2. The image forming apparatus according to claim 1, wherein

the image forming unit includes:

a side plate by which the developing device is turnably supported;

an interference protrusion provided in the developing device; and

a boss provided on the side plate, and

the arm member includes:

a separation arm rotatable in an initial posture for moving the developing device from the developing position to the separated position by abutting on the interference protrusion from the downstream side in the draw-out direction of the image forming unit, and in a retreating posture separated from the interference protrusion to the upstream side in the draw-out direction, and

a retreat arm rotatable together with the separation arm and configured to be abut against the boss, wherein

when the image forming unit is drawn out from the apparatus main body, the boss abuts against the retreat arm and turns the retreat arm to the upstream side in the draw-out direction, so that the separation arm is turned from the initial posture to the retreat posture together with the retreat arm.

3. The image forming apparatus according to claim 2, comprising:

a biasing member which maintains the arm member in the initial posture inclined upward toward the upstream side of the draw-out direction, wherein

the separation arm has a tip end surface against which the interference protrusion abuts, and the tip end surface is formed such that when a force is applied along a direction perpendicular to the tip end surface, an extension line of the applied force passes above a center of rotation of the arm member, and

the retreat arm has a tip end surface against which the boss abuts, and the tip end surface is formed so that when a force is applied along a direction perpendicular to the tip end face, an extension line of the applied force passes below the center of rotation of the arm member.

4. The image forming apparatus according to claim 3, wherein,

the tip end surface of the retreat arm is disposed on the downstream side of the tip end surface of the separation arm in the draw-out direction.

5. The image forming apparatus according to claim 3, wherein,

when the image forming unit is attached to the apparatus main body, the separation arm interferes with the image forming unit to rotate the arm member on the upstream side in the draw-out direction.

6. The image forming apparatus according to claim 3, wherein,

the tip end surface of the separation arm is formed in an arc shape centered on the rotational center of the arm member.

7. The image forming apparatus according to claim 1, wherein

when the developing separation mechanism interferes with the developing device from the downstream side in the draw-out direction to move the developing device from the developing position to the separated position, a driving force transmission from a driving force of the developing member to the developing member is cur off.

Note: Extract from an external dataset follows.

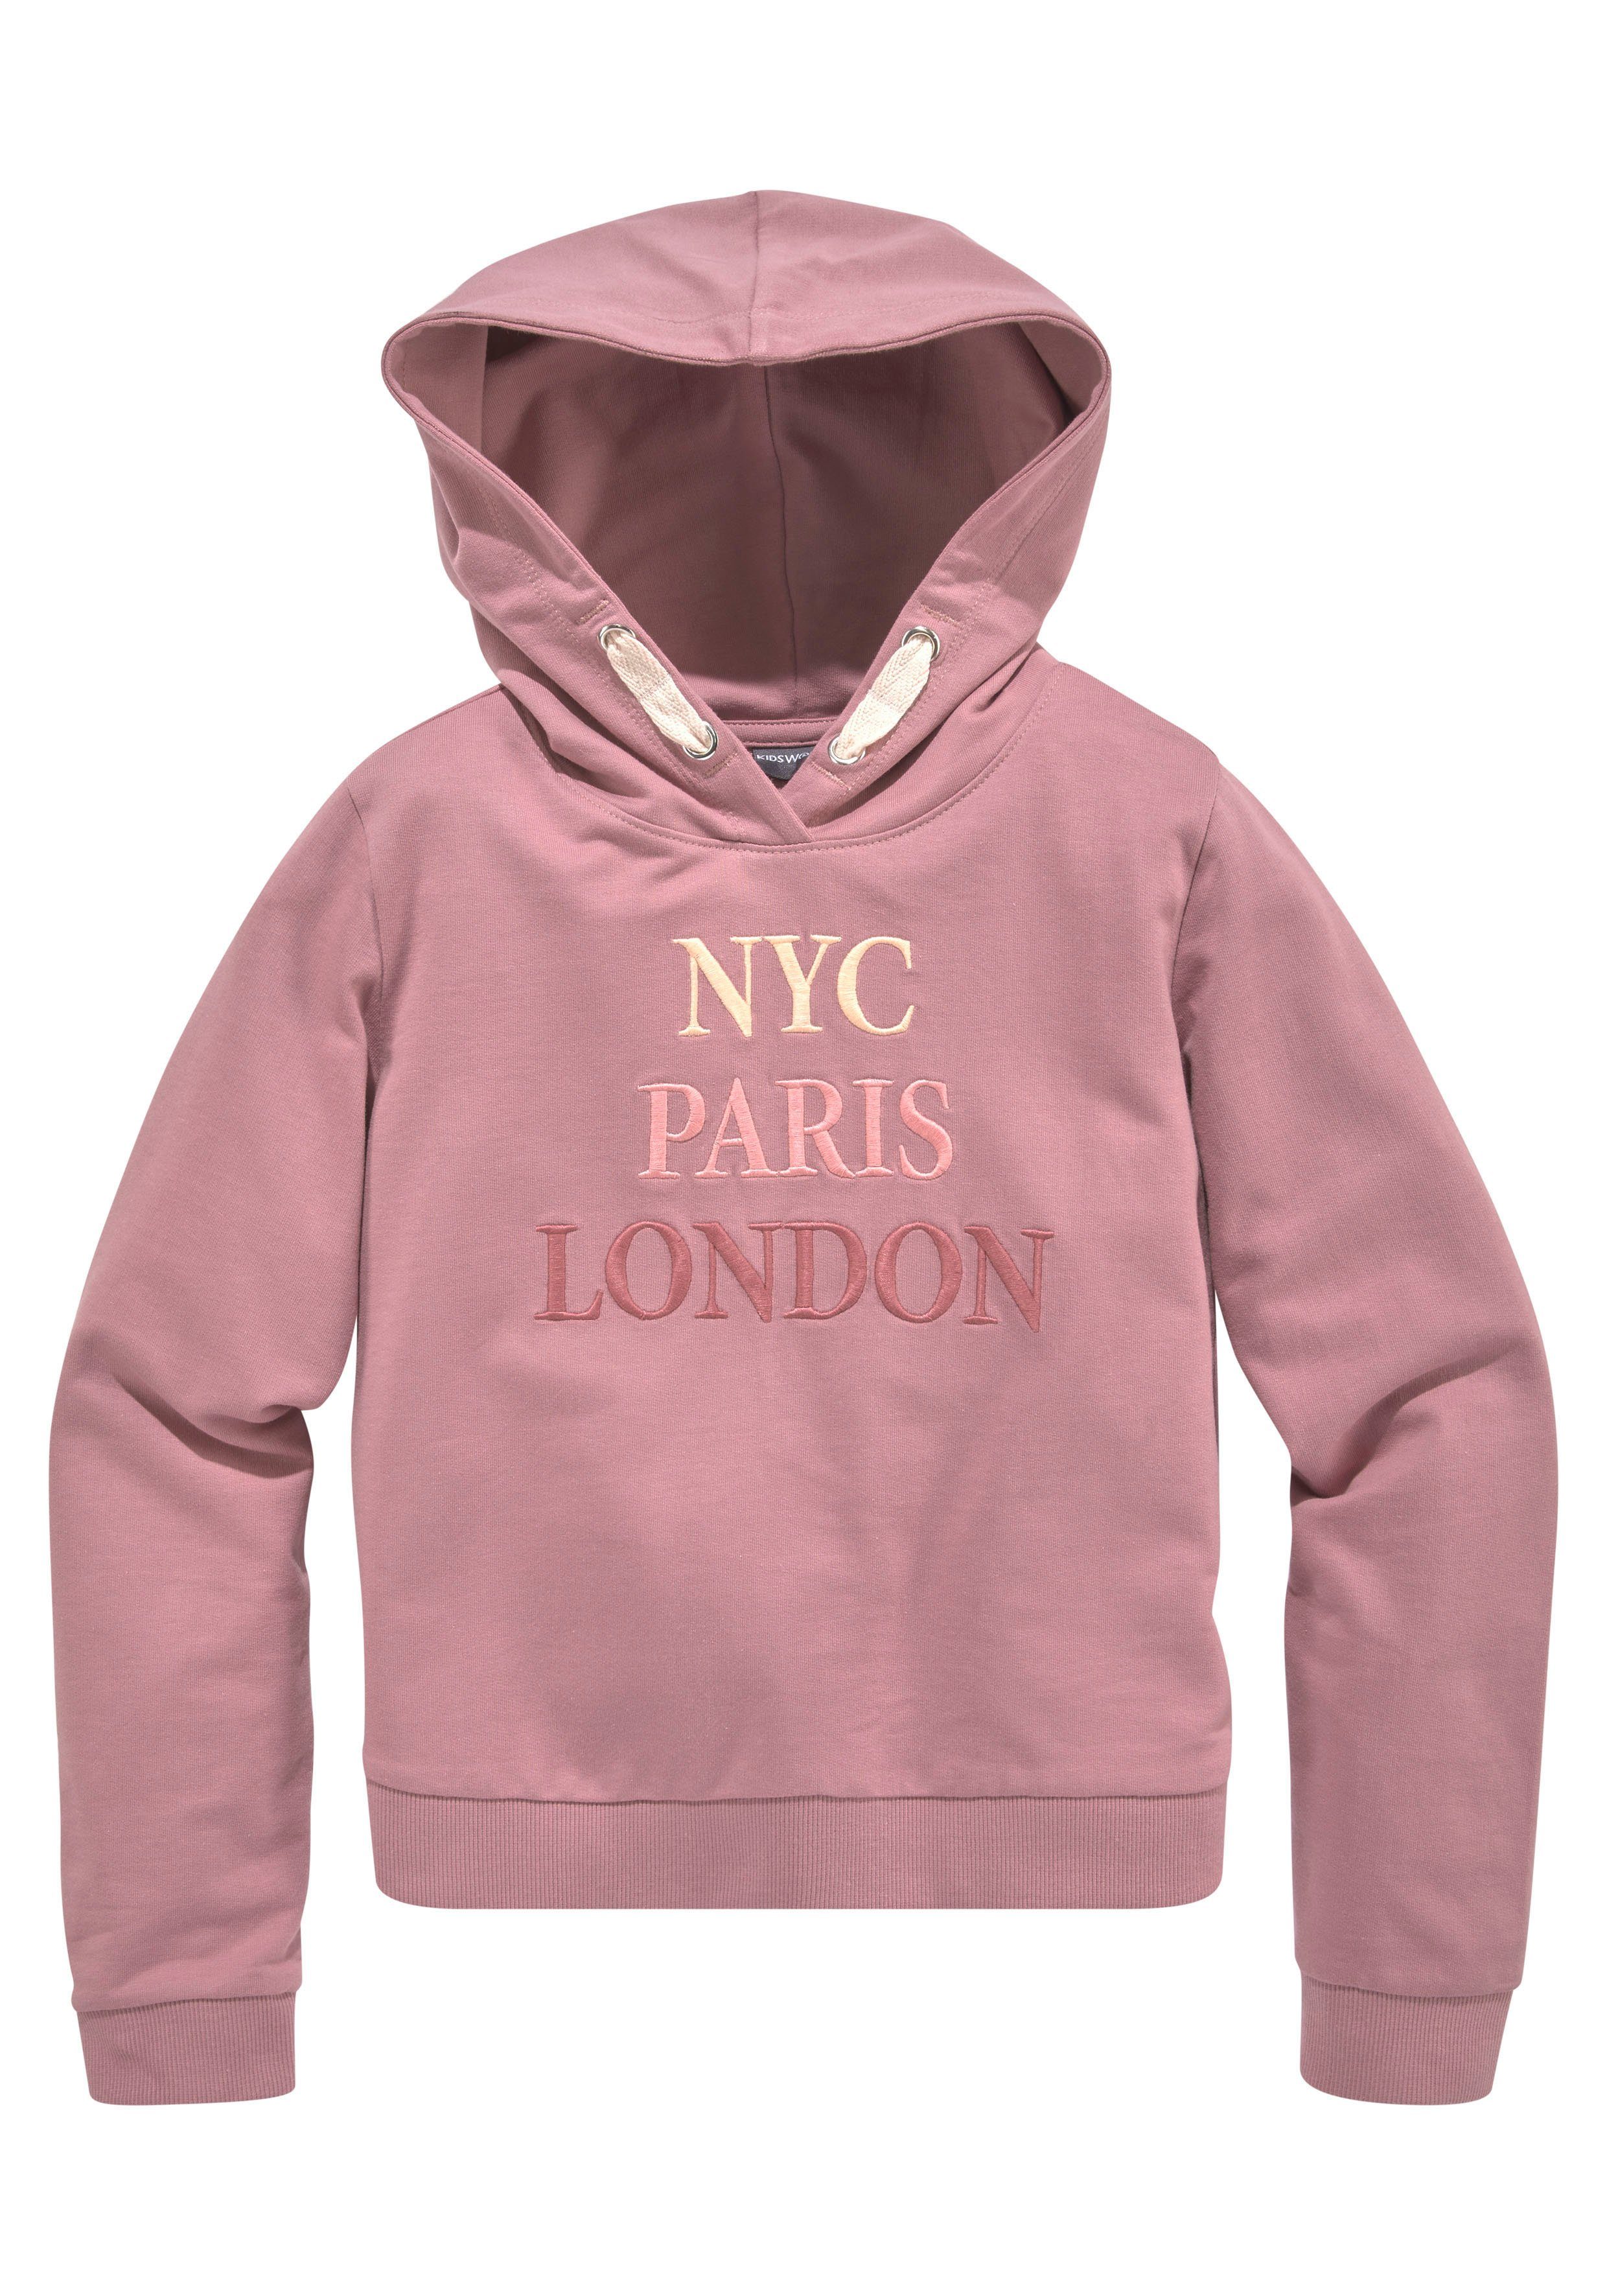 KIDSWORLD Kapuzensweatshirt London Paris mit NYC Stickerei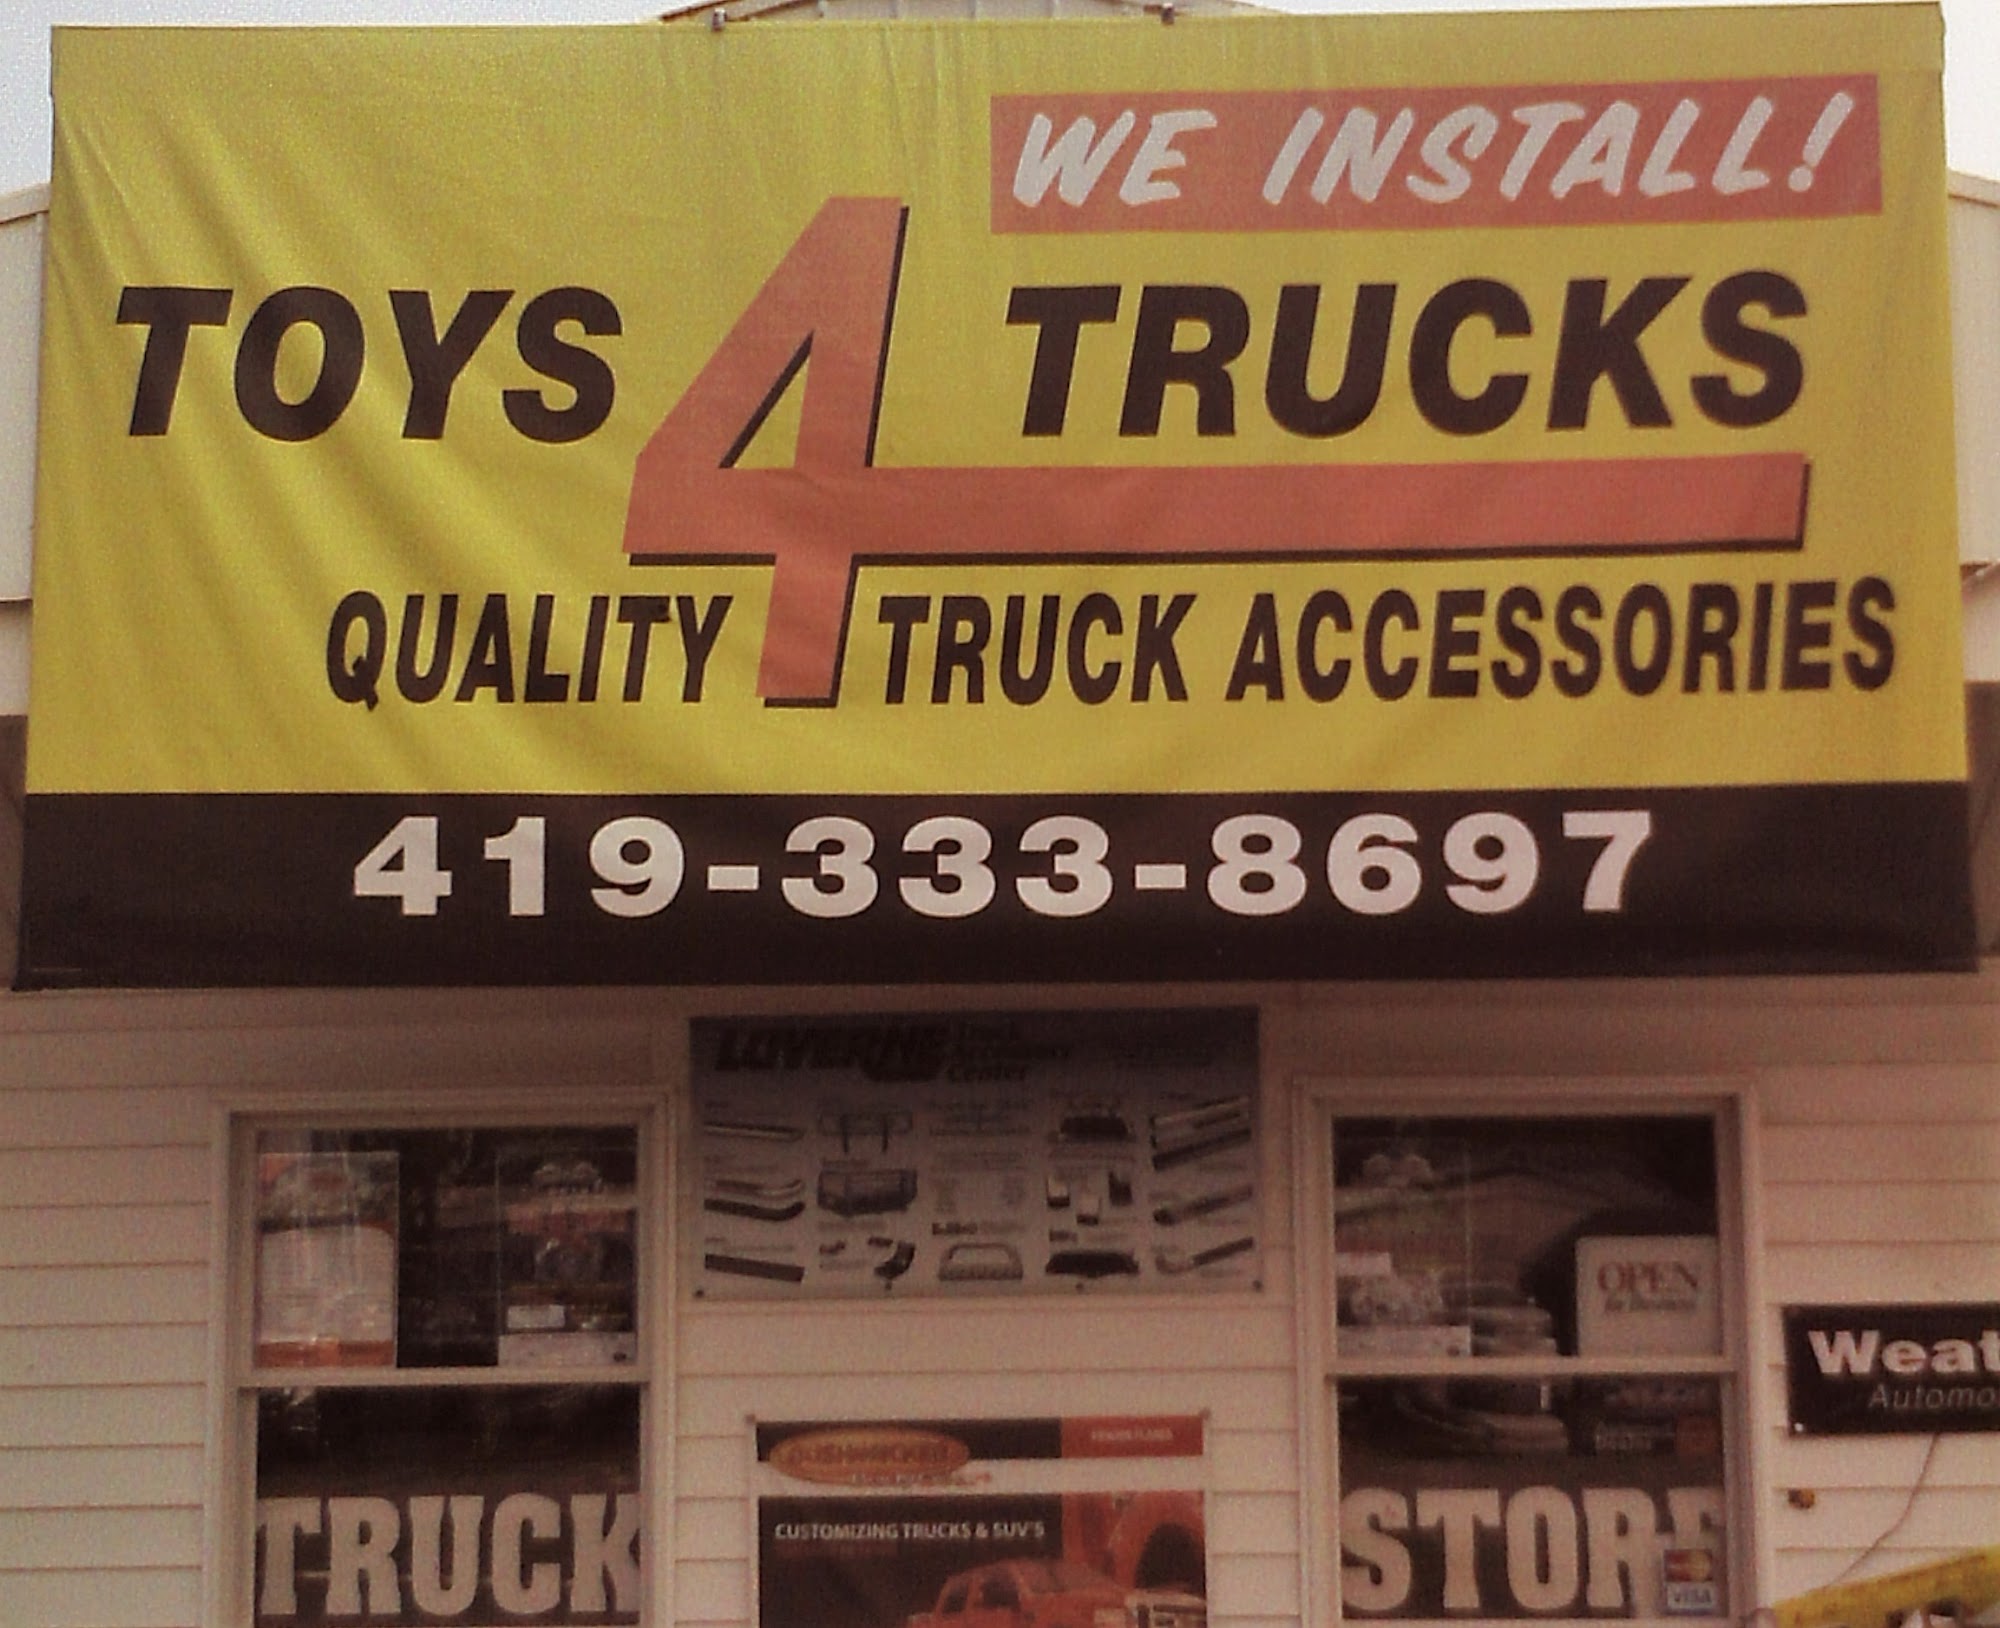 Toys 4 Trucks

8. The image forming apparatus according to claim 1, wherein

the image forming unit includes a monochrome developing device and a color developing device, and

the developing separation mechanism switches the image forming unit in a separation state where the monochrome developing device and the color developing device are moved to the separated position; in a color printing state where the monochrome developing device and the color developing device are turned to the developing position; and in a monochrome printing position where the monochrome developing device is turned to the developing position and the color developing device is turned to the separated position.